:: Given entries ::

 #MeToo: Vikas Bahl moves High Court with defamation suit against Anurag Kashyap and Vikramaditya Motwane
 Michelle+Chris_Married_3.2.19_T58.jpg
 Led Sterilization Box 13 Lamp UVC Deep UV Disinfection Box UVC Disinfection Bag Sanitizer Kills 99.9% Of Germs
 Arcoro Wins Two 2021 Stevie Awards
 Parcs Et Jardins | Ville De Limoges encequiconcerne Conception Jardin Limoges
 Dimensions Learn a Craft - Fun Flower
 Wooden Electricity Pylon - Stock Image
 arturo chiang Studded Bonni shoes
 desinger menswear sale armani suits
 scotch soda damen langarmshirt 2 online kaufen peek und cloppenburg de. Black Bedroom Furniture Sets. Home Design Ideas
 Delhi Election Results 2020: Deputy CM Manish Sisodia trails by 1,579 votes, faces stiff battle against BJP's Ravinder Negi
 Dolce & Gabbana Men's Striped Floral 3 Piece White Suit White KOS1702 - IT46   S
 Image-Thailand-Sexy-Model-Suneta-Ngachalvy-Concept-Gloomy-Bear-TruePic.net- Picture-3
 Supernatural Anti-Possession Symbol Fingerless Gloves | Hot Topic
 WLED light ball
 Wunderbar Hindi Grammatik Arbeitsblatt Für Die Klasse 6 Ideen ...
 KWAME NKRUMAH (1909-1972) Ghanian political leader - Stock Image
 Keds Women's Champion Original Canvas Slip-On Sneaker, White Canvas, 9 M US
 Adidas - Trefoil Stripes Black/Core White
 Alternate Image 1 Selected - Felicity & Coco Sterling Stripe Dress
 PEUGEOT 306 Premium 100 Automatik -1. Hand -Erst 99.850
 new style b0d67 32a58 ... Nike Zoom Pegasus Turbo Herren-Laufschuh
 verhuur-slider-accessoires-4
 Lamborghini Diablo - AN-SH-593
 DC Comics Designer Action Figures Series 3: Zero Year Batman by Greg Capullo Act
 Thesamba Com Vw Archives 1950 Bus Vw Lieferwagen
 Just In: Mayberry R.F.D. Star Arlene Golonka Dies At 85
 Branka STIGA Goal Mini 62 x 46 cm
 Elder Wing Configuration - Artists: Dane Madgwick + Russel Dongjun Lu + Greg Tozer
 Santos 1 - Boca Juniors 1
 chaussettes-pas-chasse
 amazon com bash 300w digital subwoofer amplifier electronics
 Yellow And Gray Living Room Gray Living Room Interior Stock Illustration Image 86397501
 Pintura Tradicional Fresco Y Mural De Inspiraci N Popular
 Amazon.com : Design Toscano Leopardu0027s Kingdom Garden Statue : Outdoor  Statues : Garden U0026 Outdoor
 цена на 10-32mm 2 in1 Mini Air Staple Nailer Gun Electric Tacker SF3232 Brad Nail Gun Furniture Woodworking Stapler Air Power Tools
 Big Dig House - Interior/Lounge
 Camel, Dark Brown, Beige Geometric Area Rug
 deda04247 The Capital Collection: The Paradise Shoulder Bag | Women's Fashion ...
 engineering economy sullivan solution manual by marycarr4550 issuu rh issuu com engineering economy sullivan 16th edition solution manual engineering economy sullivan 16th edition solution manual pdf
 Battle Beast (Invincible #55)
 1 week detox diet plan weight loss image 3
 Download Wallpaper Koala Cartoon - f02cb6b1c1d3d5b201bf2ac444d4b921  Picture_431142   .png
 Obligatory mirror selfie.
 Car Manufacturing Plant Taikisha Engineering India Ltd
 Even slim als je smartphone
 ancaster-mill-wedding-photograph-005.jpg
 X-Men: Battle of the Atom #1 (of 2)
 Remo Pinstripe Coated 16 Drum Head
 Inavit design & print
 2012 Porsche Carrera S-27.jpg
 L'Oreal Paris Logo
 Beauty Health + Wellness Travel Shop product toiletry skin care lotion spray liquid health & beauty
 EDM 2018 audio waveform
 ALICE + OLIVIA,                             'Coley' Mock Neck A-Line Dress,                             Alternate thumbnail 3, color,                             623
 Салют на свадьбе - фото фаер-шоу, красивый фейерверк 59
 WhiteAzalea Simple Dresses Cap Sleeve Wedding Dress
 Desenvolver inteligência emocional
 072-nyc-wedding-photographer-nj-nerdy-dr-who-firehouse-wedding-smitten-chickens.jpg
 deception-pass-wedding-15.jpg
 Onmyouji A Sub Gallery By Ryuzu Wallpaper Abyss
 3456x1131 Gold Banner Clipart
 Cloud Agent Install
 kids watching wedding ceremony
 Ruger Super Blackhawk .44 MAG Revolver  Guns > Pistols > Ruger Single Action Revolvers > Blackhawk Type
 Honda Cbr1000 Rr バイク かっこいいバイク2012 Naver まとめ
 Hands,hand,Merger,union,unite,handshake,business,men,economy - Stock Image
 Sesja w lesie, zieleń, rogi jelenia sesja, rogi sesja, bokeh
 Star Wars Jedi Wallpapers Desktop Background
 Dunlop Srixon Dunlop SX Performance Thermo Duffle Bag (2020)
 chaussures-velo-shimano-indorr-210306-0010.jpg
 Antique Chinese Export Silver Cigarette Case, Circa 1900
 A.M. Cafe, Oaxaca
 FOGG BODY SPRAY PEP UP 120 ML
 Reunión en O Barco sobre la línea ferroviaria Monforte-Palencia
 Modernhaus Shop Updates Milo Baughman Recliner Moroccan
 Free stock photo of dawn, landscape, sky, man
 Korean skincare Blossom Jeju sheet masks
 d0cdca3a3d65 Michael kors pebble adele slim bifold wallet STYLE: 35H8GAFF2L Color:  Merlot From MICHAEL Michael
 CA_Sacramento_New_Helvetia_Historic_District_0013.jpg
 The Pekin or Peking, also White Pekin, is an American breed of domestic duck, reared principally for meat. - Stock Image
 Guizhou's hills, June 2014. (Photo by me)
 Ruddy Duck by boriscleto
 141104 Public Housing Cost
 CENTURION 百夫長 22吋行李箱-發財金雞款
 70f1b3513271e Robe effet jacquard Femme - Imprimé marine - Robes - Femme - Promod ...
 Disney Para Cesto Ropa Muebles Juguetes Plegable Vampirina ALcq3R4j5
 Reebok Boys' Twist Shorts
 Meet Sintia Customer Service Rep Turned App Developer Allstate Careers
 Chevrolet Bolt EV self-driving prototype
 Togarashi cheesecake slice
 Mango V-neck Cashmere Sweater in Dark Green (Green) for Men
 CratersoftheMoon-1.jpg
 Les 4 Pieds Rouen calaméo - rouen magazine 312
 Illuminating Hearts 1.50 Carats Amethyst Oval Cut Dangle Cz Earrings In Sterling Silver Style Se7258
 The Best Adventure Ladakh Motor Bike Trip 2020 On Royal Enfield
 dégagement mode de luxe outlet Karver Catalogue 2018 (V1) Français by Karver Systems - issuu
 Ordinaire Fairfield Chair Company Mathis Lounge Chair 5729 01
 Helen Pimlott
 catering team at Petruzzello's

:::

Reproduce only the lines above, starting at the line with "3456x1131 Gold Banner Clipart" and ending at the line with "A.M. Cafe, Oaxaca", exactly as written.

* [Task output]
 3456x1131 Gold Banner Clipart
 Cloud Agent Install
 kids watching wedding ceremony
 Ruger Super Blackhawk .44 MAG Revolver  Guns > Pistols > Ruger Single Action Revolvers > Blackhawk Type
 Honda Cbr1000 Rr バイク かっこいいバイク2012 Naver まとめ
 Hands,hand,Merger,union,unite,handshake,business,men,economy - Stock Image
 Sesja w lesie, zieleń, rogi jelenia sesja, rogi sesja, bokeh
 Star Wars Jedi Wallpapers Desktop Background
 Dunlop Srixon Dunlop SX Performance Thermo Duffle Bag (2020)
 chaussures-velo-shimano-indorr-210306-0010.jpg
 Antique Chinese Export Silver Cigarette Case, Circa 1900
 A.M. Cafe, Oaxaca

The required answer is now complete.